▸ YOUR GOAL
Return only the lines below starting at the line containing "personal training bei jonensports" and ending at the line containing "LEXUS GS, Left", both included, exactly as they are and with no pictures.

▸ ENTRIES SHOWN
-- Opening Marker --

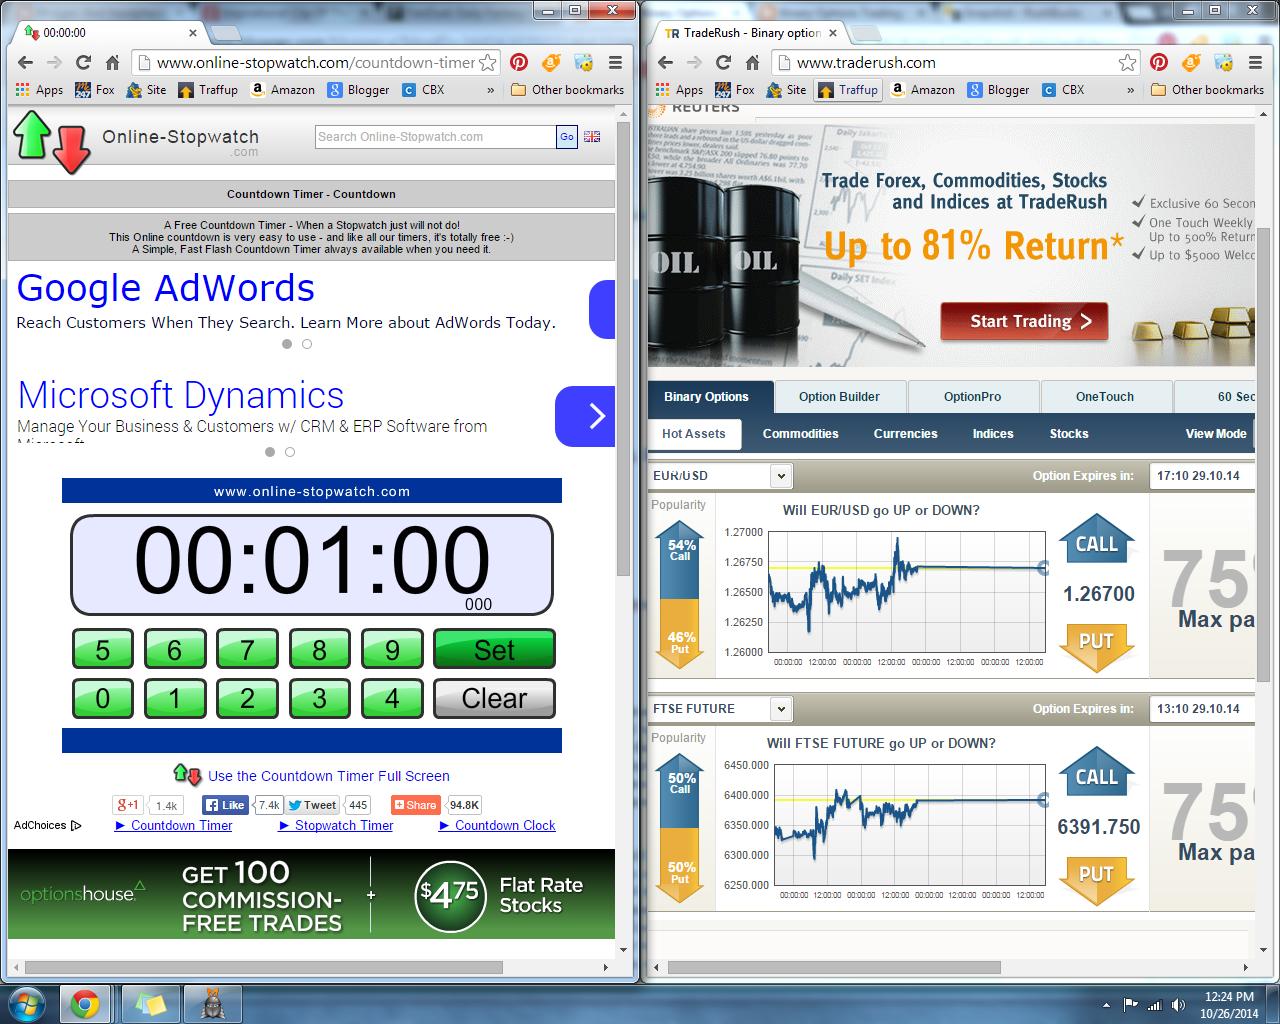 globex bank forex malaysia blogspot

-- Closing Marker --
-- Opening Marker --

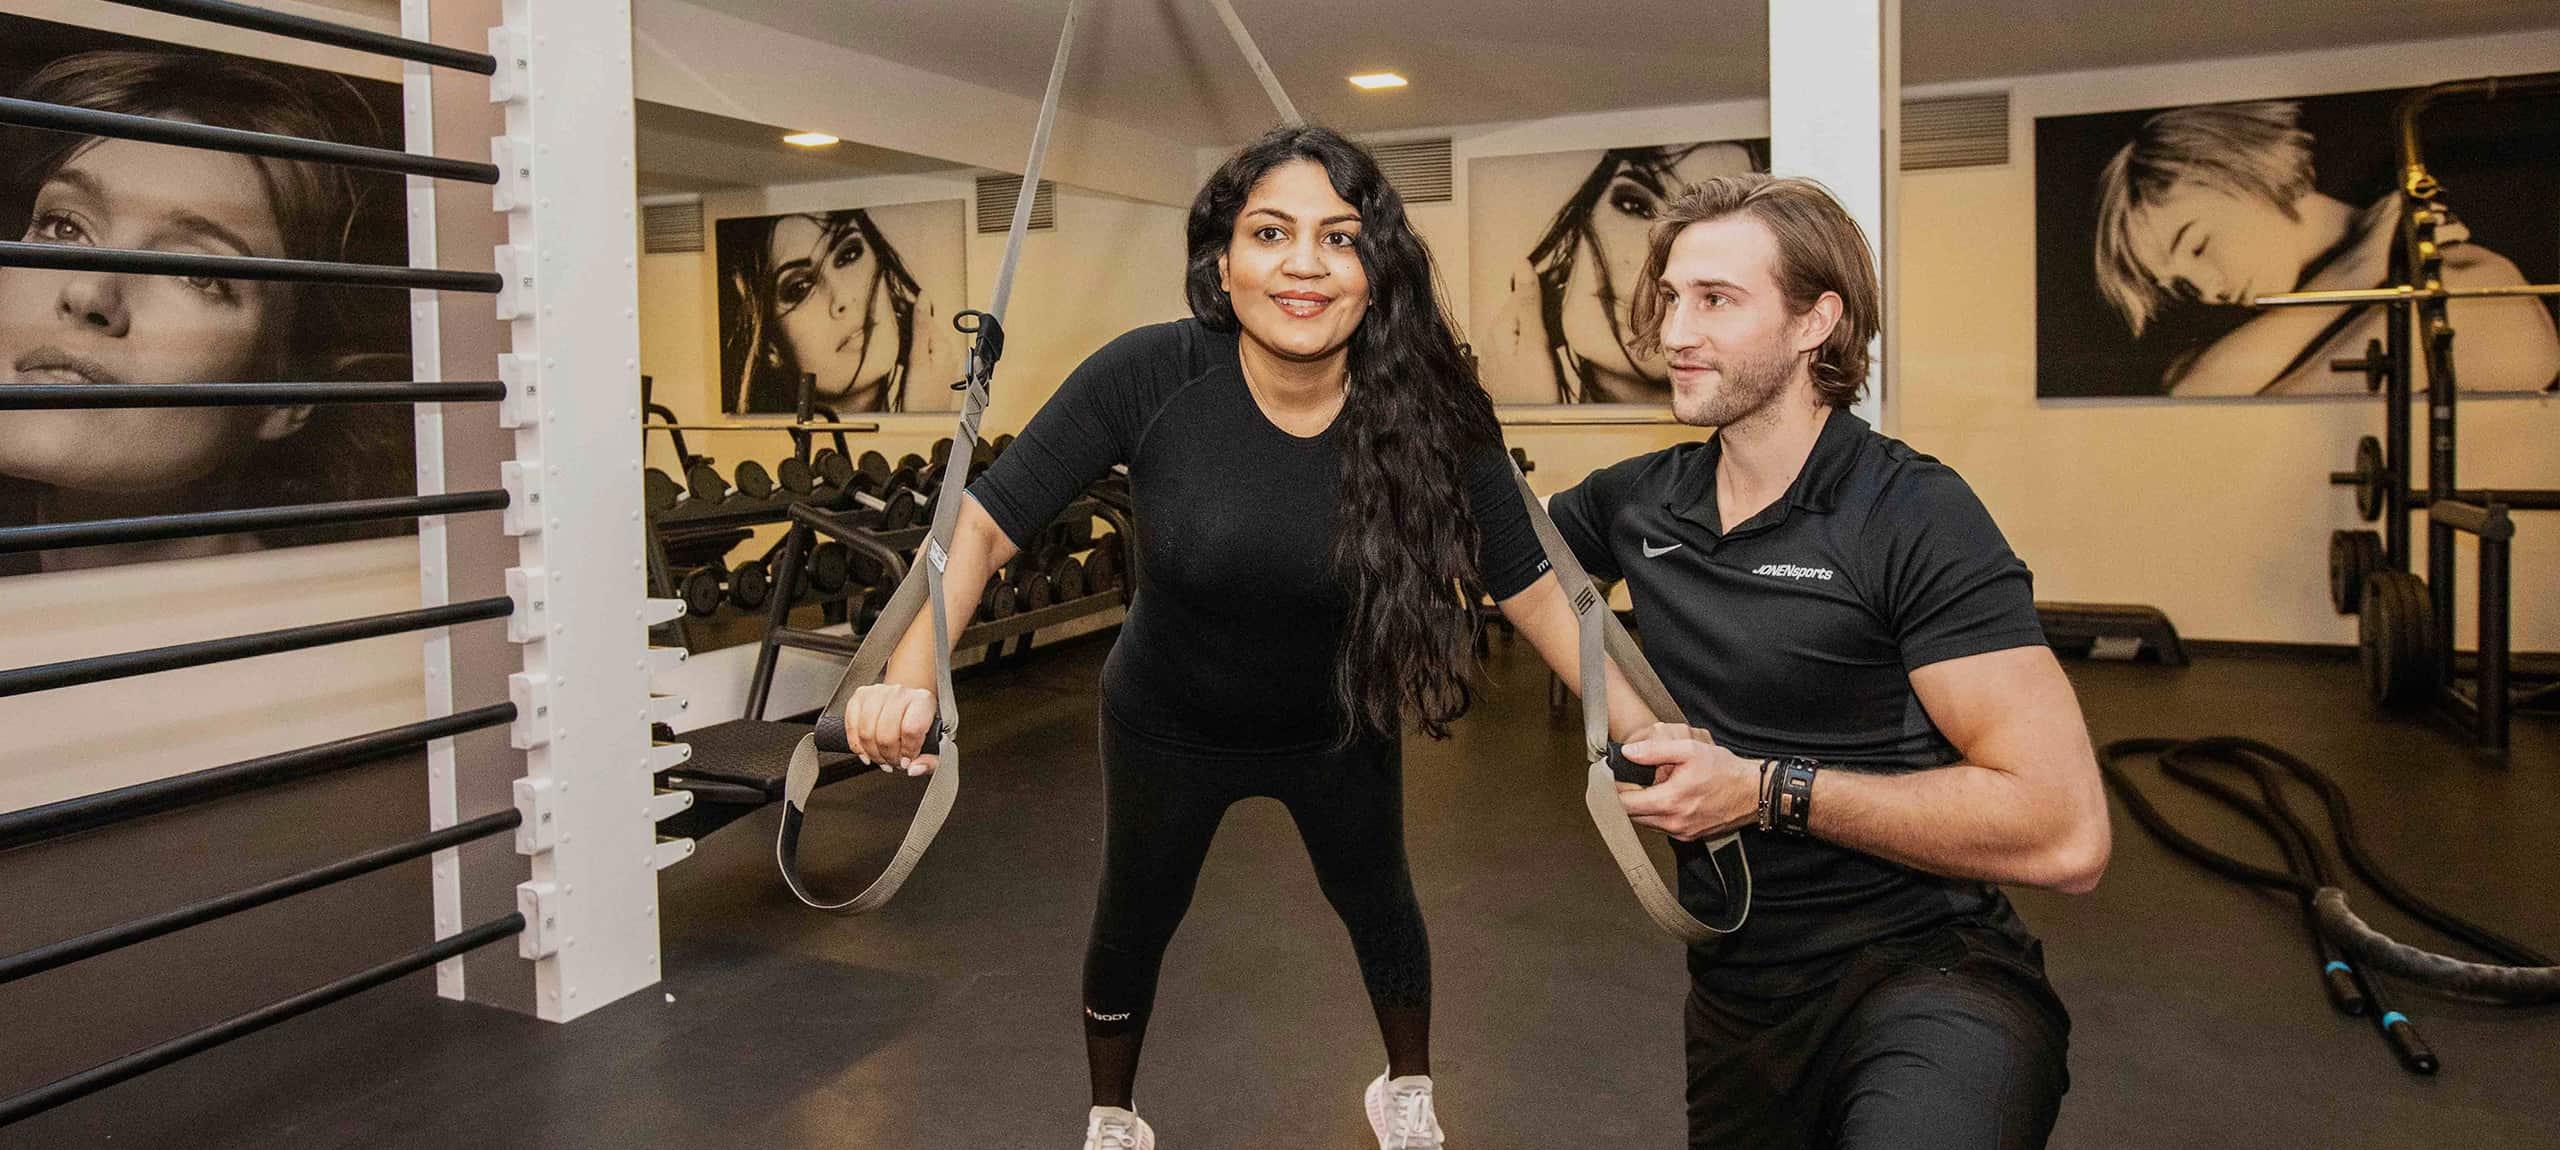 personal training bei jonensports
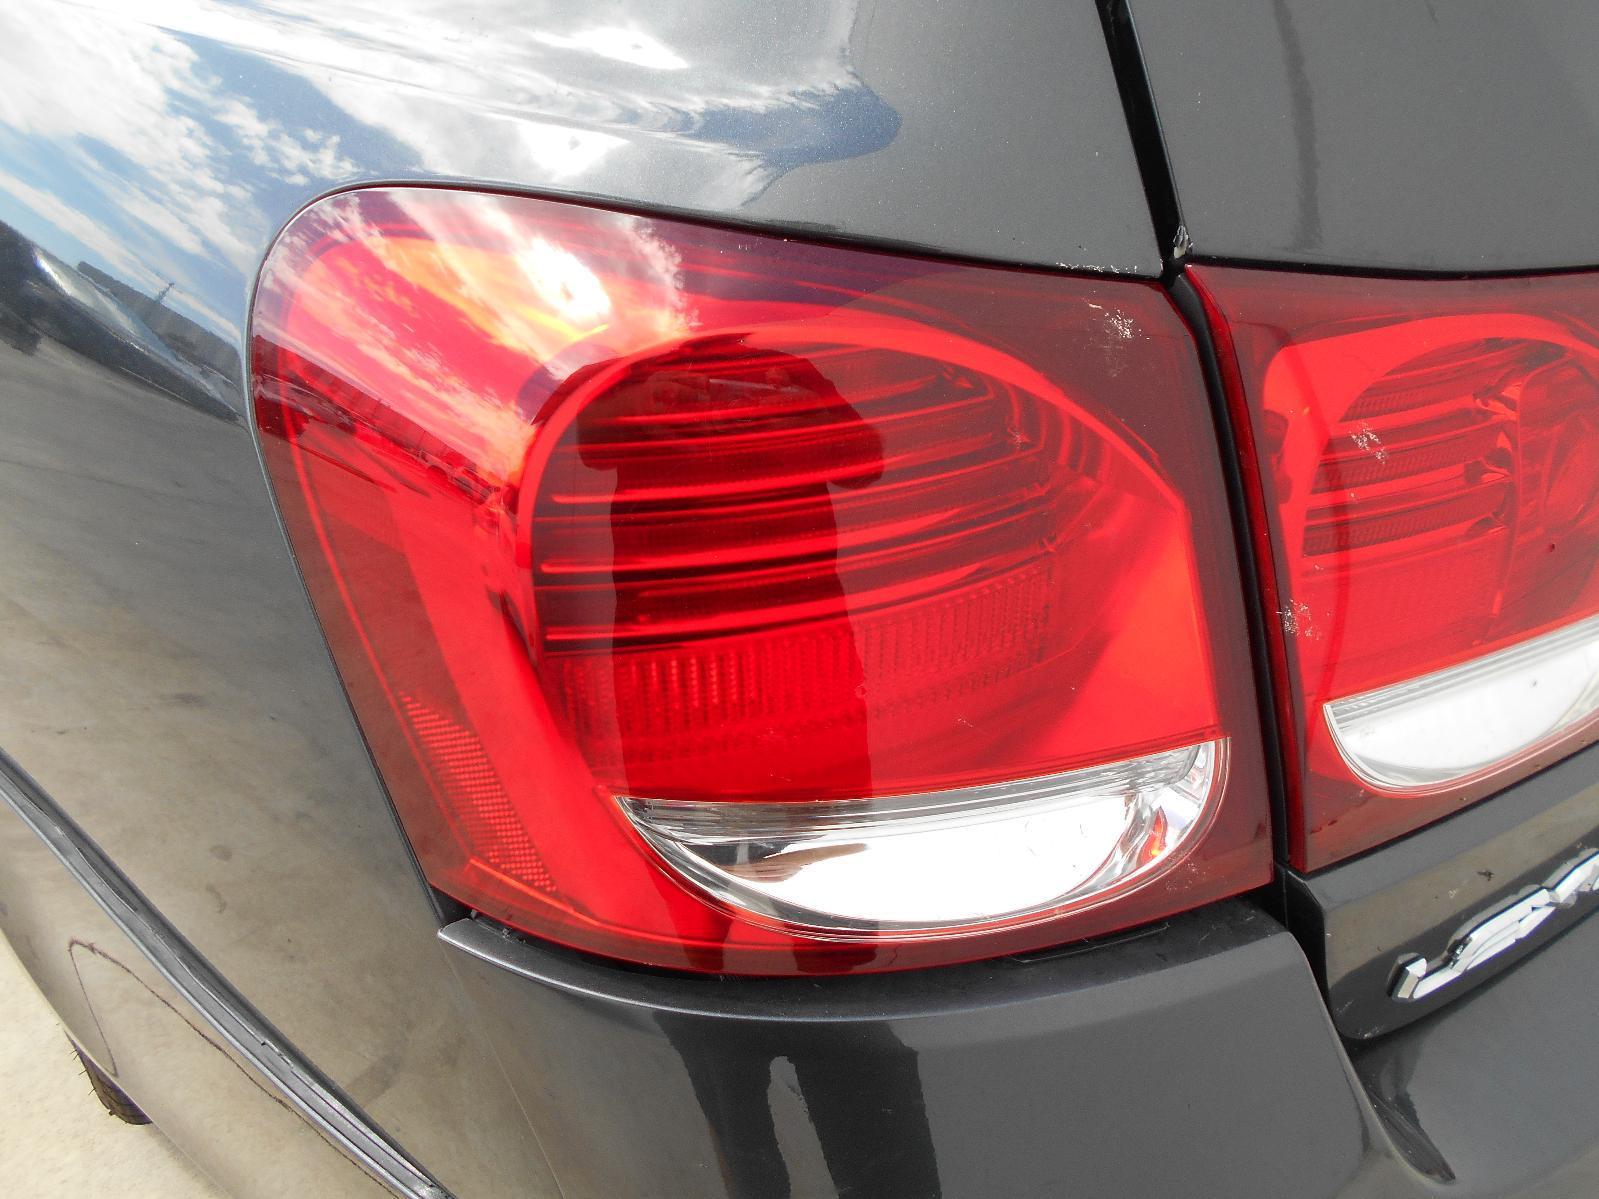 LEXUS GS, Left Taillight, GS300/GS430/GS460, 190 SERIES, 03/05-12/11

-- Closing Marker --

▸ EXERCISE ANSWER
 personal training bei jonensports
 LEXUS GS, Left Taillight, GS300/GS430/GS460, 190 SERIES, 03/05-12/11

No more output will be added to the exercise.